On sm_61 this of course runs at 1/64 throughput (the instruction, not the math) so all this is of limited use. But it might be good to be aware of it if you get ahold of hardware that isn’t crippled ( sm_60, sm_62? ).

Interestingly, there’s a lot of mixed fp32/fp16 precision support. Though the mode I was most interested in (fp16x2 dot product with fp32 accumulate) isn’t supported. Any time you mix in fp32 registers the instruction can only work on one of the packed fp16 values in other registers (as far as I can tell anyway).

The H0_H0 and H1_H1 flags are there to facilitate a SIMD matrix multiply outer product, but are also used to select the packed values in single throughput mode. The merge flags don’t currently work on sm_61 but it’s clear they’re meant to facilitate BFI like functionality.

Oh, and one other thing… it looks like there’s a performance bug in the compiler. If you’re loading in memory in fp16 and then converting to fp32 for compute, ptxas tries to be clever and use HADD2 instead of F2F to do the conversion. But on sm_61 hardware this is a 16x slower pathway. On sm_60 hardware this makes a lot more sense since it’s a 4x speedup. I’ve already submitted a bug for this.

Thanks Scott, very interesting results. Do you know what nvidia’s intent was with the dp instructions? Are they going to make an sgemm routine that utilizes this, or are they leaving it to people like you?

I think Nvidia’s intent is pretty clear in that the dp instructions were meant for fast deep learning inference (in both cuDNN and cuBLAS). Google just built dedicated 8 bit hardware for the same purpose. It would be interesting to compare the performance of the two. I would expect google’s chip to be lower power but Nvidia likely has a speed edge. Also, the GPU is likely a lot more general purpose and probably is able to implement a wider range of SOTA networks.

But, it’s an interesting challenge to adapt these instructions for training purposes. There are several recent papers on ultra low precision training that indicates that this is possible (and even desirable for added regularization).

Yes, the Google chip looks interesting as well, but I didn’t think they had said what their intent was. The early reports seemed to indicate that it would only be available for Google’s cloud offering, and you would not be able to buy them outright. It did seem disingenuous when Google claimed a 10x speedup over GPUs when they likely didn’t use pascal as a reference, and certainly not the 8 bit instructions. I don’t believe they announced the process size either, but for the volumes they’re making it seems hard to justify the cost of 14nm, but they may not care at all about cost.

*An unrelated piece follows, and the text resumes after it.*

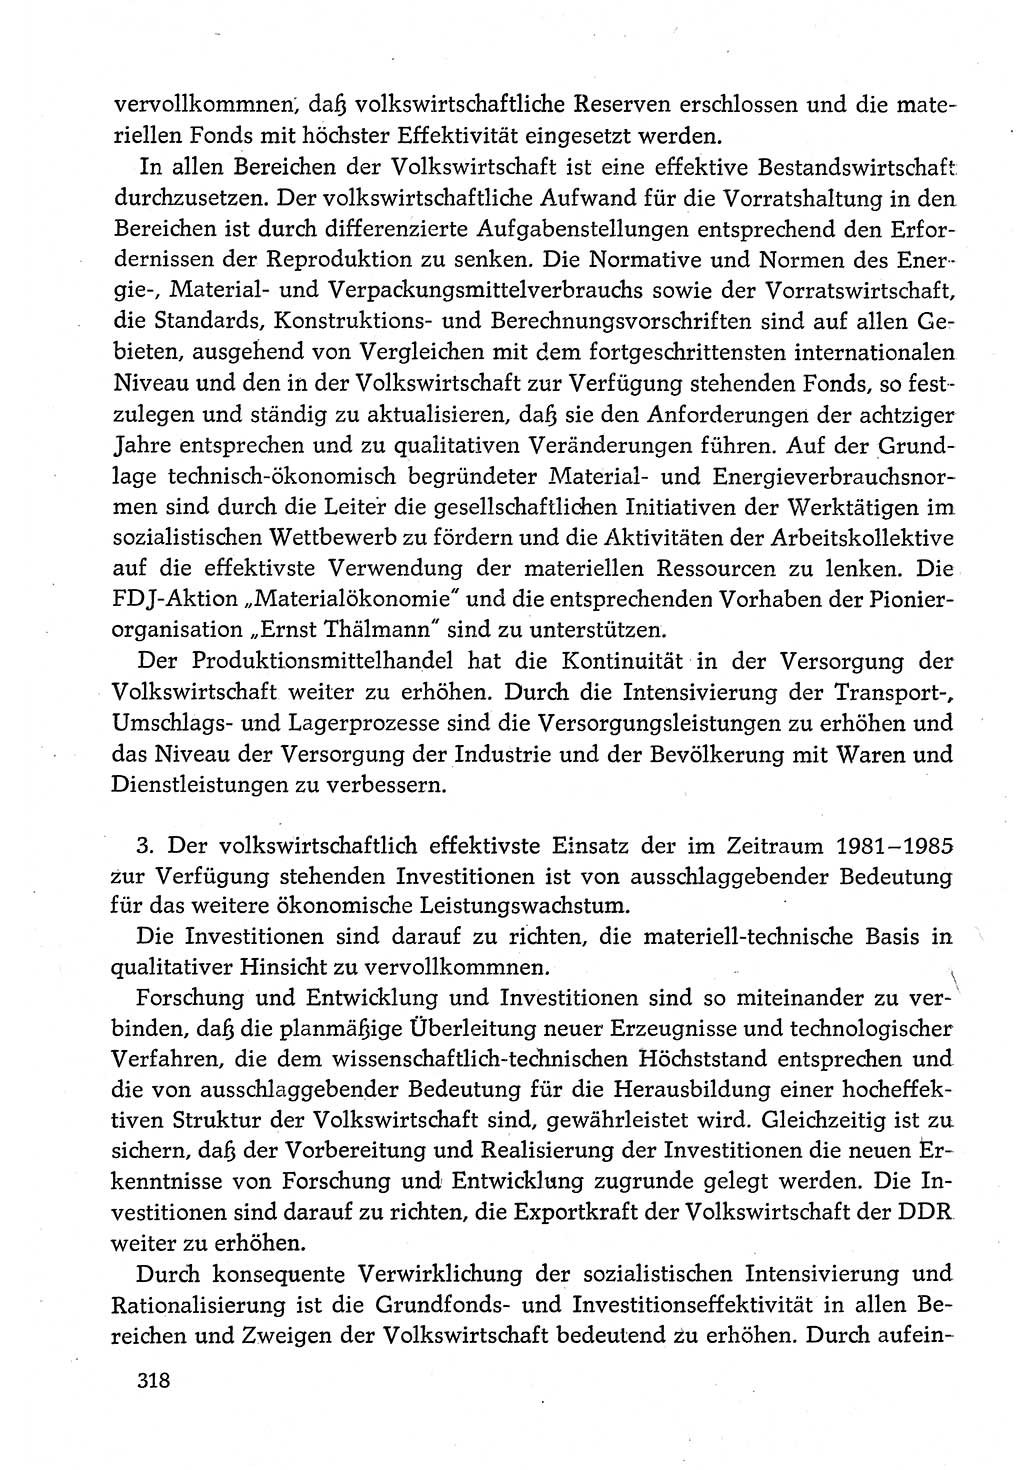 Dokumente der Sozialistischen Einheitspartei Deutschlands (SED) [Deutsche Demokratische Republik (DDR)] 1980-1981, Seite 318 (Dok. SED DDR 1980-1981, S. 318)

Thanks for the deviceQuery output.
It says that the watchdog kernel timeout killer is enabled. This implies that GP104’s sm_61 does not support compute premption like sm_60’s P100. The P100 whitepaper does promise this for P100 (“both interactive graphics tasks and interactive debuggers can run in concert with long-running compute tasks.”) The GTX 1080 whitepaper discusses preemption in much more detail but does not specifically give the same promise as that lone clear P100 sentence.

It could just be a driver issue, with the hardware supporting the feature but simply not implemented yet.

https://devtalk.nvidia.com/default/topic/938369/cuda-programming-and-performance/cuda-8-errors-when-using-two-1080-gpus-in-multithreading-way/post/4889786/#4889786

Here’s the devicequery using CUDA 8.0 RC’s devicequery. Devicequery from CUDA 6.5 doesn’t support it properly and should be ignored.

Ah, that report does NOT list the watchdog killer enabled. That’s promising, though it may just be that the display at the time was using an IGP and not the GTX 1080.

I’m still wondering if there is a lone fp16x2 unit or if the operations are being emulated/microcoded with ~10-11 fp32 conversion and math ops?

If HFMA2(a,b,c) and HMUL2(a,b) run at the same rate then it’s probably not being emulated.

Hopefully the final CUDA 8.0 docs include an updated throughput table and a Pascal “Tuning Guide”.